Heinrich Anschütz

Anschütz, Heinrich

Schauspieler und Regisseur (1785-1865). Eigenh. Brief mit U. und 5 weiteren Eintragungen mit U. seiner Familie. Wien. Zusammen 4 SS. auf Doppelblatt. Gr.-4to.
$ 422 / 380 € (33936/BN29607)

An den Sänger Ludwig Cramolini (1805-1884): "In freudiger Erinnerung an die früheren schöneren Tage, die wir, Sie als blühender Jüngling, ich als kräftiger Mann, in heiterer Geselligkeit miteinander durchlebten, ergreife ich die Feder, um Ihnen zur Feier Ihres vierzigjährigen Schauspieler-Jubiläums meine aufrichtigsten und herzlichsten Glückwünsche darzubringen. Möge ein gütiges Geschick Sie noch recht lange der Kunst und Ihrem lieben Familienkreis bei voller Gesundheit ungeschwächter Kraft erhalten und Sie einst noch im späten Alter die wohl verdienten Früchte eines treu und gewissenhaft durchwandelten Kunst- und Familienlebens genießen lassen.

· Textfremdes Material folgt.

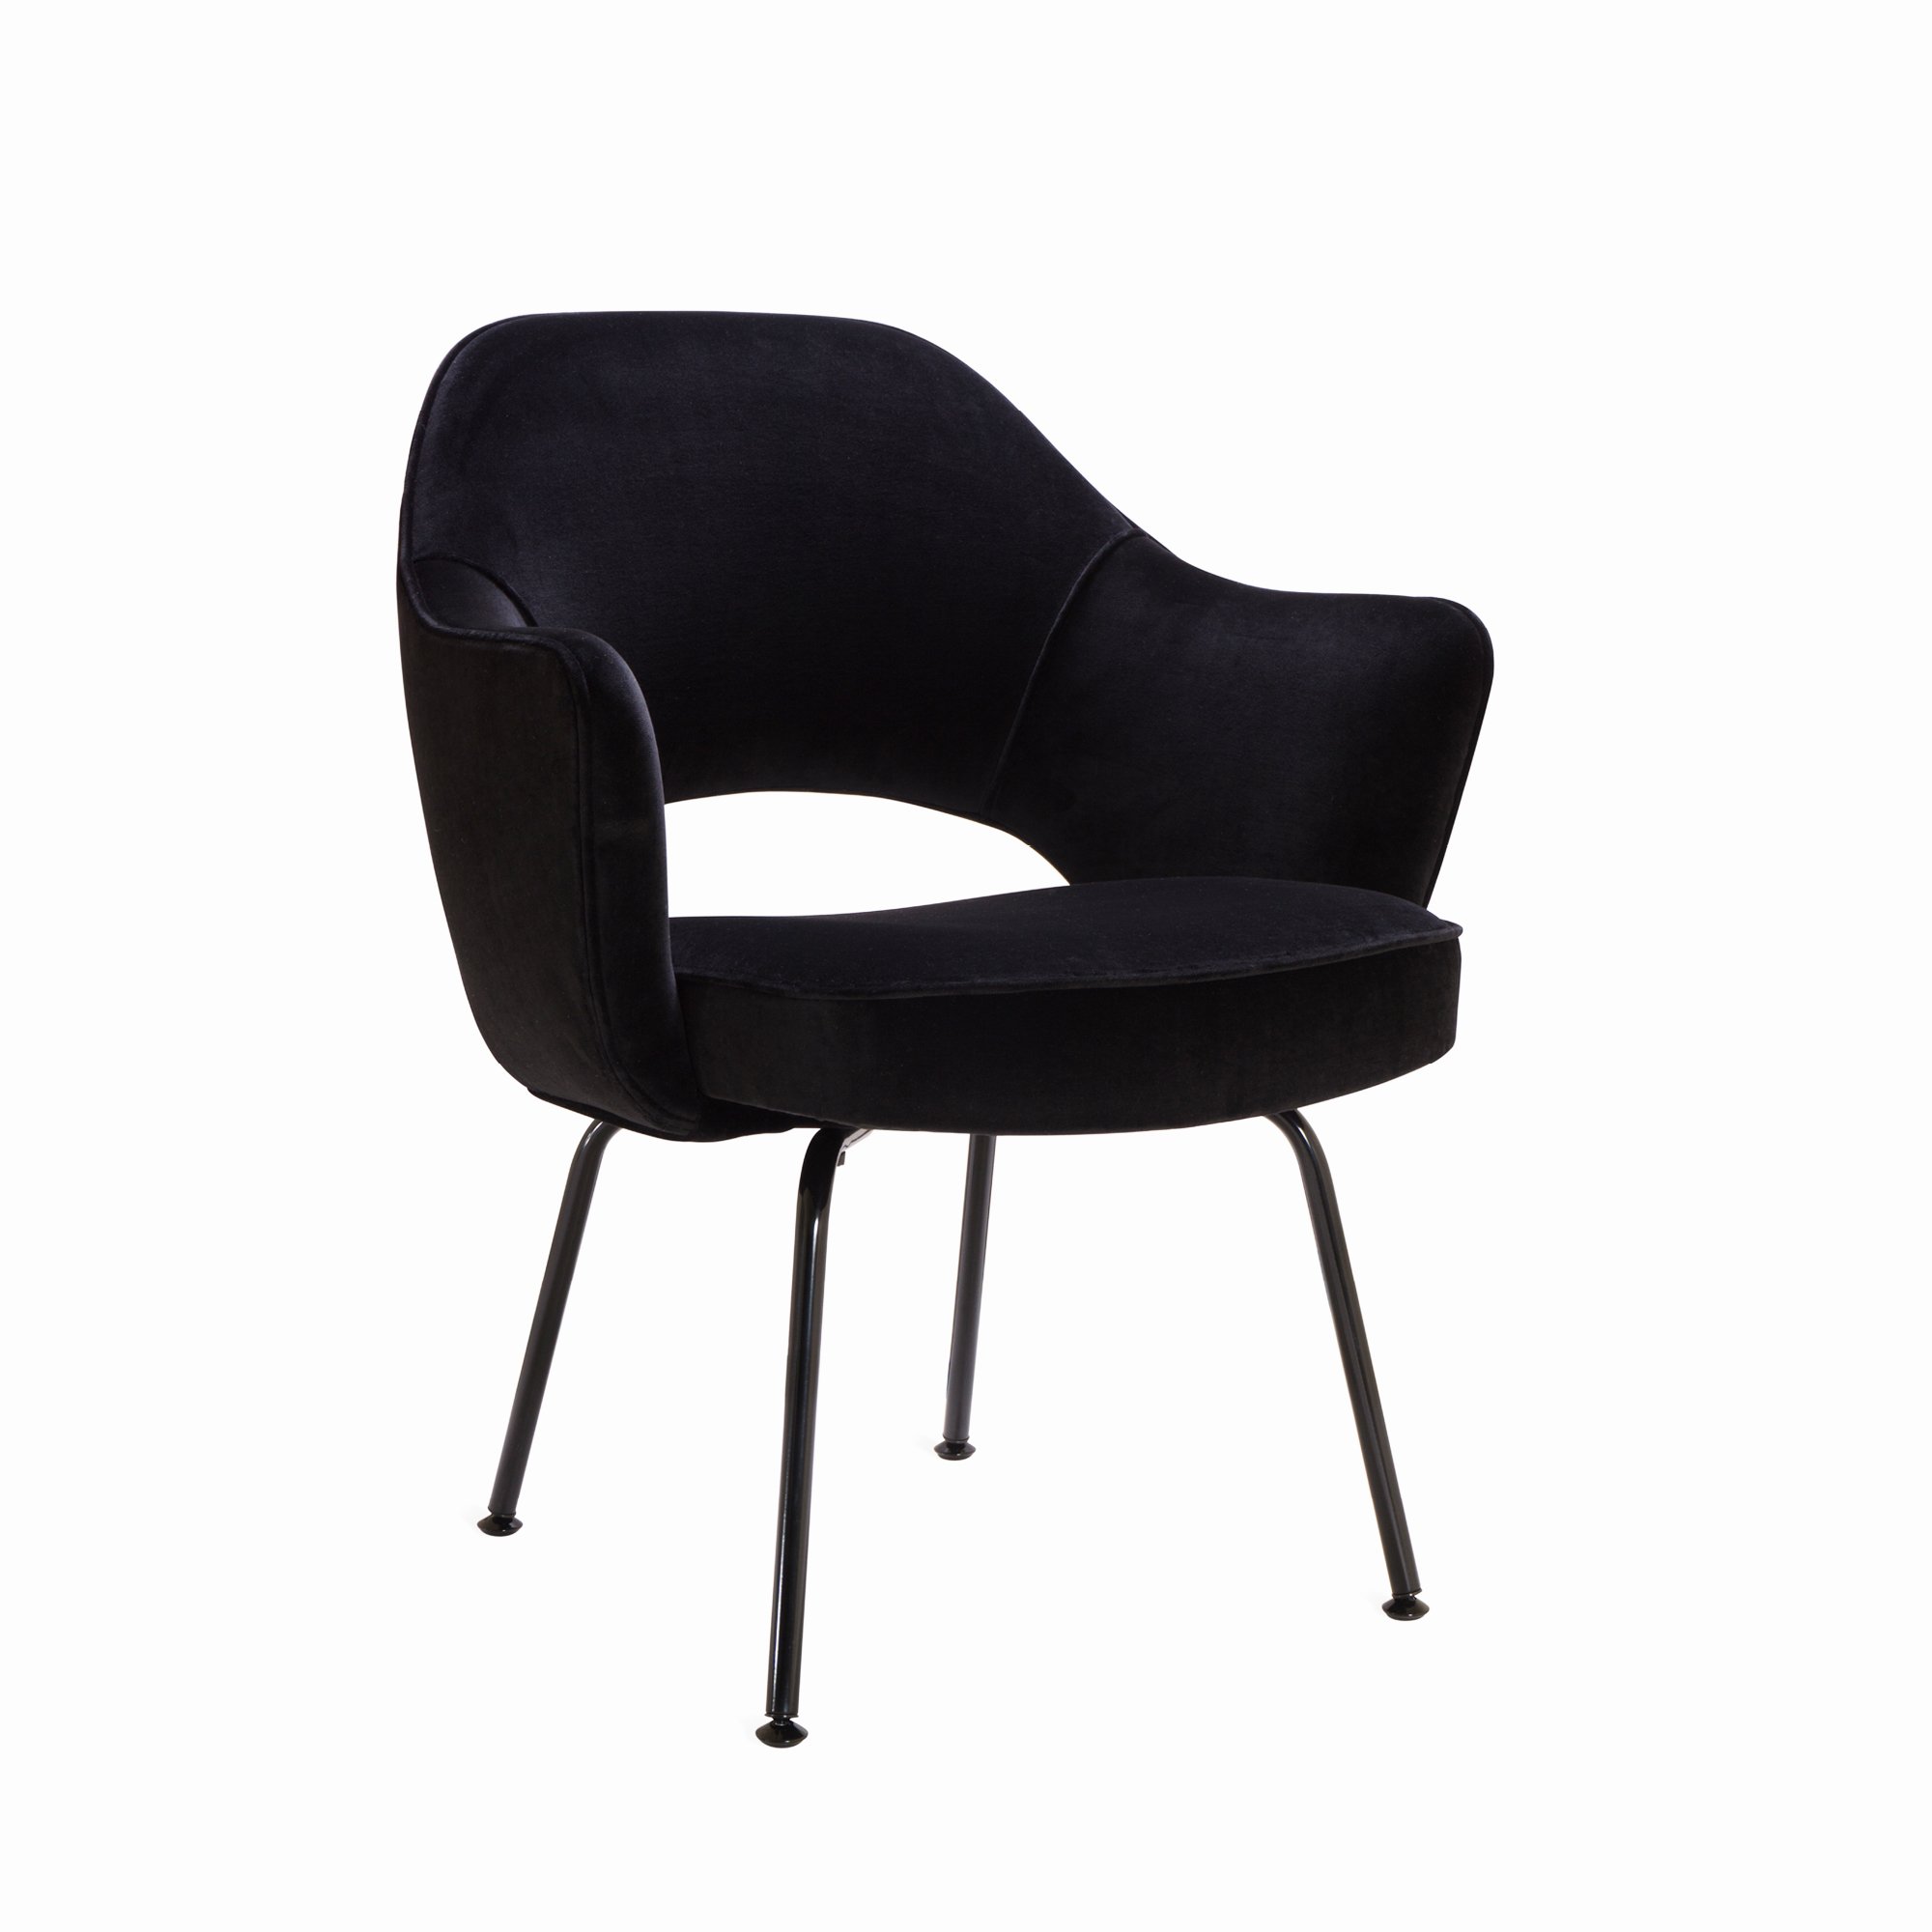 Saarinen Executive Arm Chair, Black Edition3.jpg
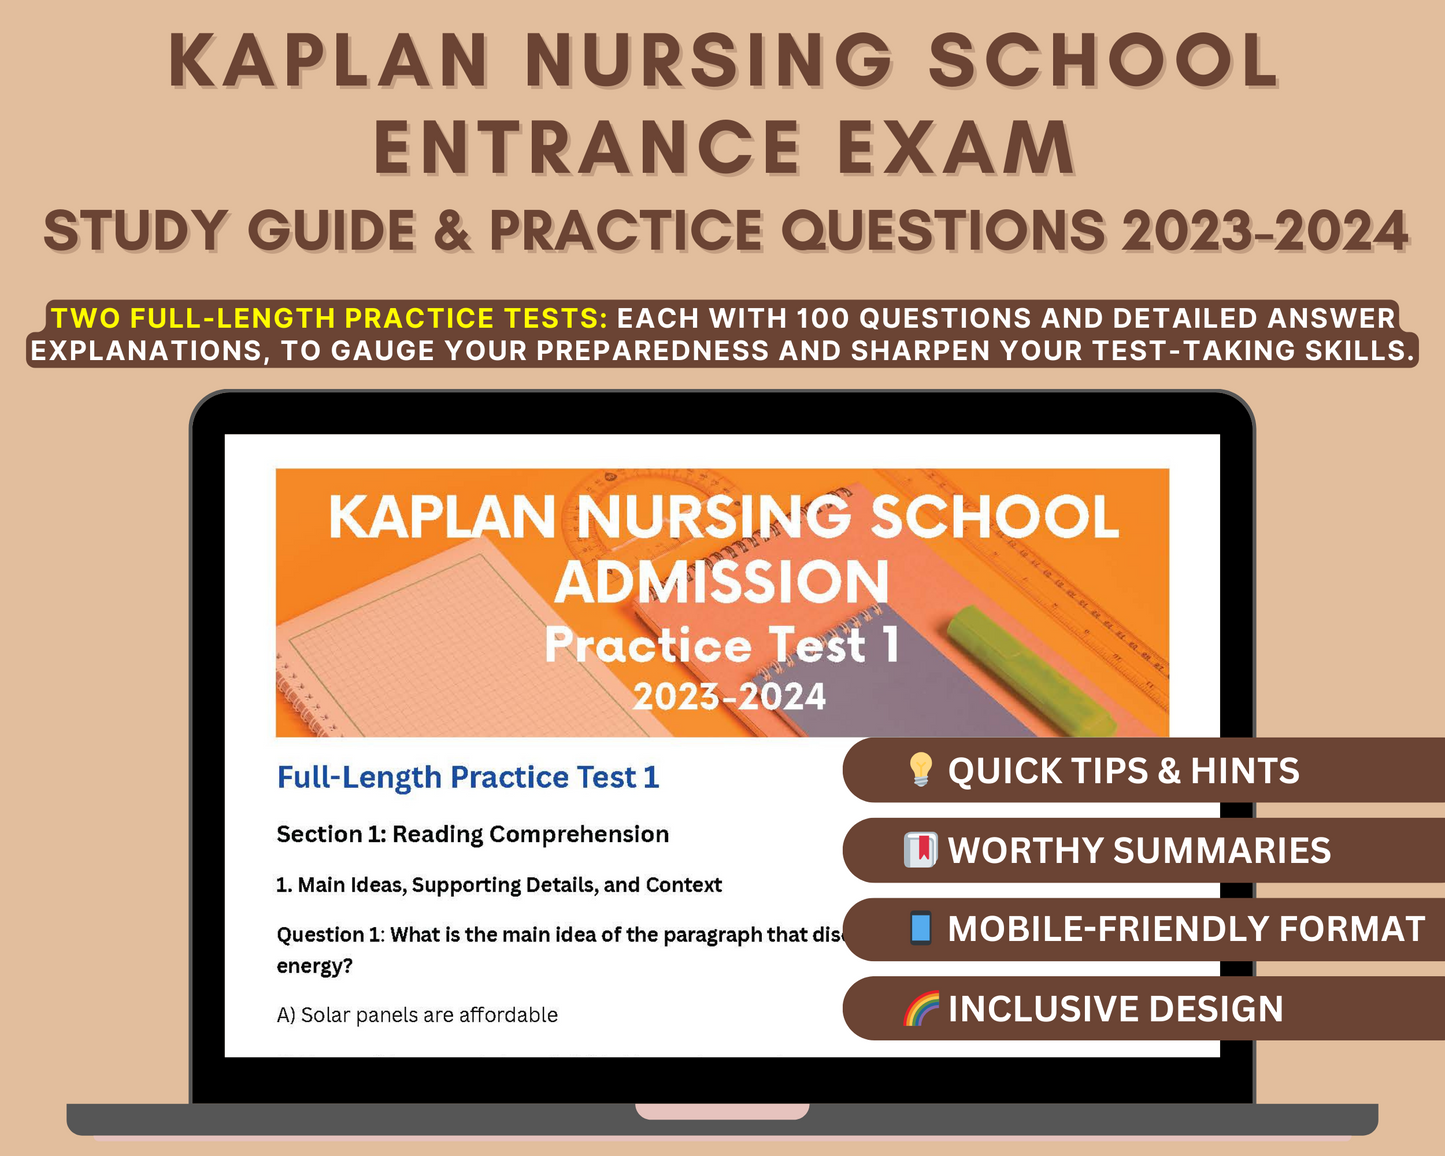 Kaplan Nursing School Exam Study Guide 2023-2024: In-Depth Content Review & Practice Tests for Nursing Career Prep

Ich fasse mich deshalb so kurz, weil ich noch Anderen Platz lassen muß ihre Gefühle gleichfalls gegen Sie auszusprechen [...]". - Es folgen Gratulationen und Erinnerungen von 5 weiteren Mitgliedern der Schauspielerfamilie Anschütz: I. Anschütz, Emilie (geb. Butenop), Schauspielerin, Frau von Heinrich Anschütz (1795-1866). - II. Anschütz, Alexander Richard, Sänger, Sohn (1815-1868). - III. Anschütz, Ernestine, Tochter (Daten nicht ermittelt). - IV. Anschütz, Roderich, Schriftsteller, Sohn (1819-1895). - V. Anschütz, Auguste (verh. Koberwein, verh. Demuth), Schauspielerin, Tochter (1819-1895). - Etwas gebräunt und mit kleineren Randläsuren..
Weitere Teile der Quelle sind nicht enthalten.